Prior to the famine the Irish peasants, for the most part, lived in mud cabins with a chimney but often without windows. Pre-famine mud cabins were typically one room structures. As this house is a stone and mortar structure it was probably built sometime after the famine of the 1840’s
The walls of these houses were particularly thick or deep. Thick walls were necessary to carry the weight of the roof and also as a form of insulation against the cold. Originally the roof on this house was thatched. Thatched roofs, be they of oaten, wheaten or barley straw, provided excellent insulation against the cold in winter and prevented the house from getting too warm in summer. The thatch roof on this house was replaced with a corrugated iron roof probably at a time when the art of thatching was dying out and straw may have become scarce.
The front elevation, with its three small windows and half door is typical of the period. The windows at either end are the two bedroom windows and the centre one is the kitchen window. As glass was expensive windows were small. The front door, often directly across from the back-door, opened straight in to the kitchen. The half-door, when opened at the top, allowed extra light in to the kitchen while at the same time the closed bottom part kept small children in and the breeze and fowl out.

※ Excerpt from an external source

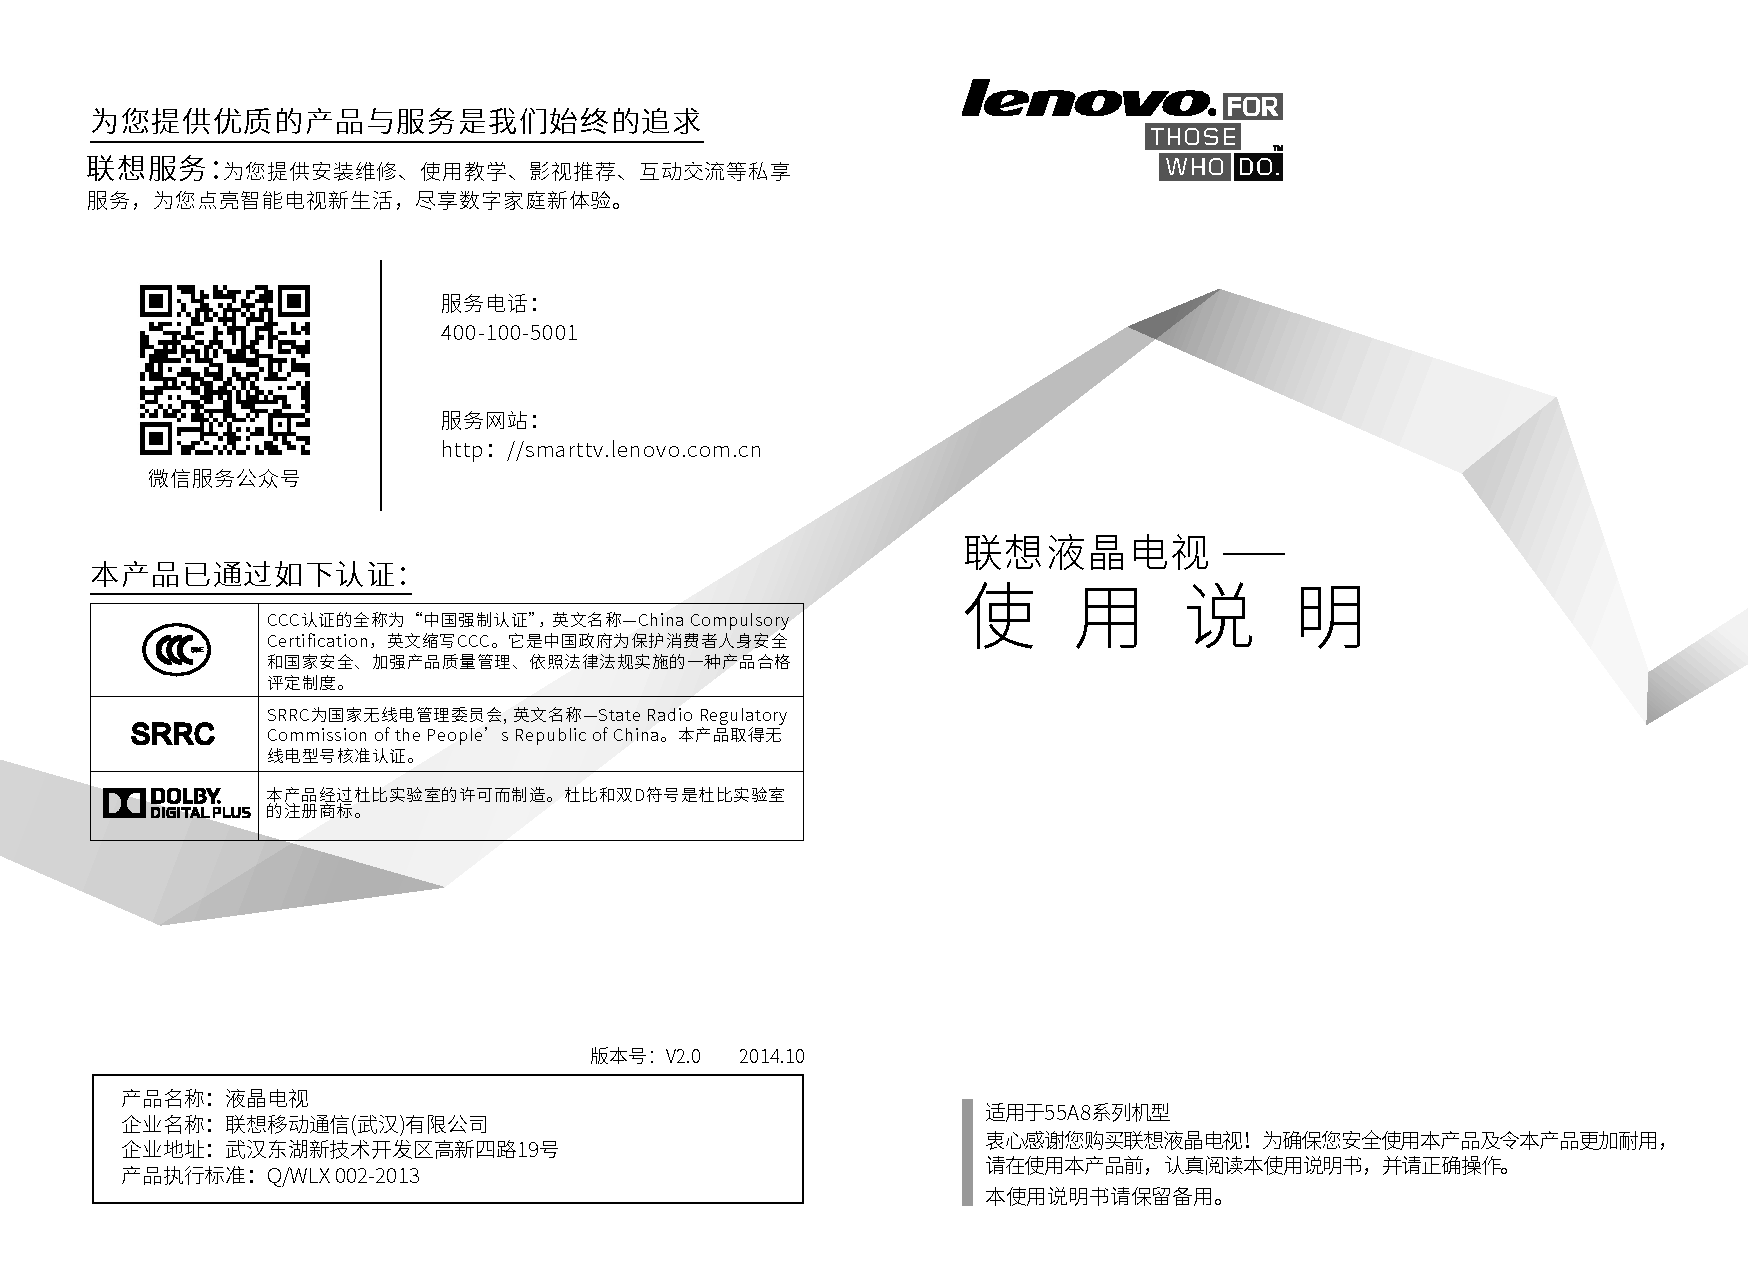 联想 Lenovo 55A8 使用说明书 封面

Sites for houses were carefully chosen. Where possible they were built where local terrain afforded some shelter against wind and rain and often faced in such a way as they would have maximum benefit from the sun. Out-offices were close to the farm house thus providing extra shelter as well as having the animals near-by for the farmer especially during the winter months.

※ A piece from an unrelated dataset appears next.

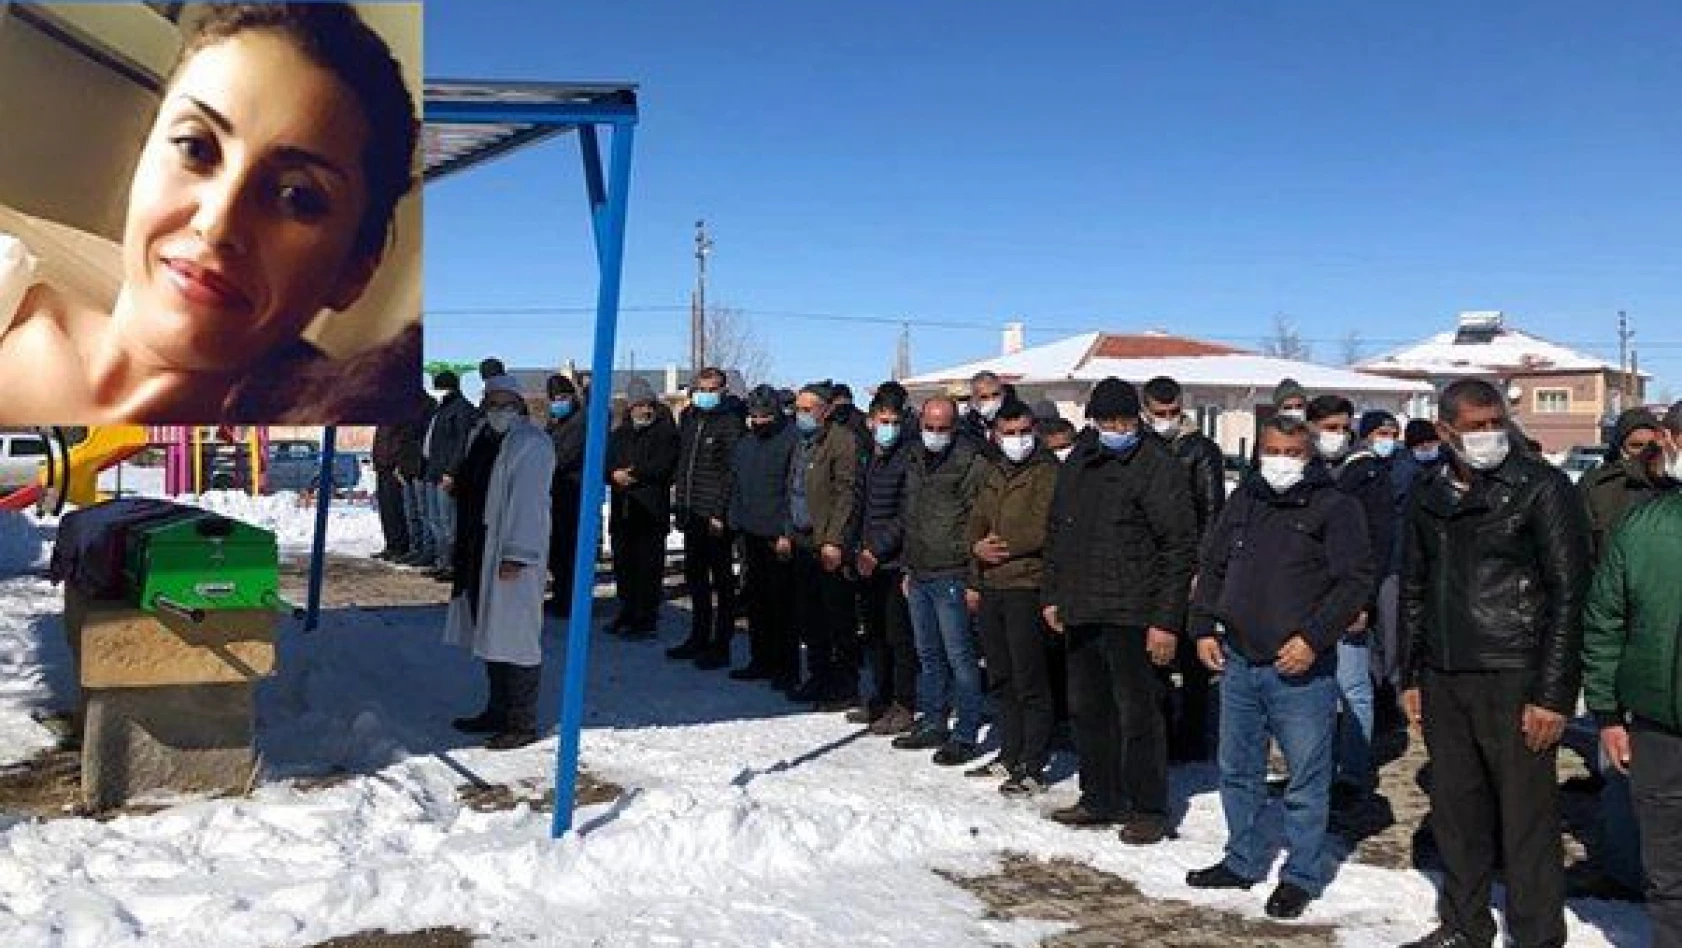  İş arkadaşı tarafından öldürülen kadın Kayseri'de toprağa verildi

In 1855 it was owned by the Kelly family and recorded as property number 9 on Griffiths Land Valuation. http://www.askaboutireland.ie/griffith-valuation/
It was also a stop for Bianconi coaches.
Michael and Mary Kelly together with their four daughters, Honor, Margaret, Winifred and Ellen lived in this house in 1901. Neither Honor nor Margaret are recorded as living here in the 1911 census.
It was later owned by a Hussey family who were connected to the Kellys through marriage. After the last of the Husseys died the cottage fell into disrepair but, with the help of its current owners Eugene and Winnie Burke and Moylough Heritage Society, the cottage has been given a new lease of life.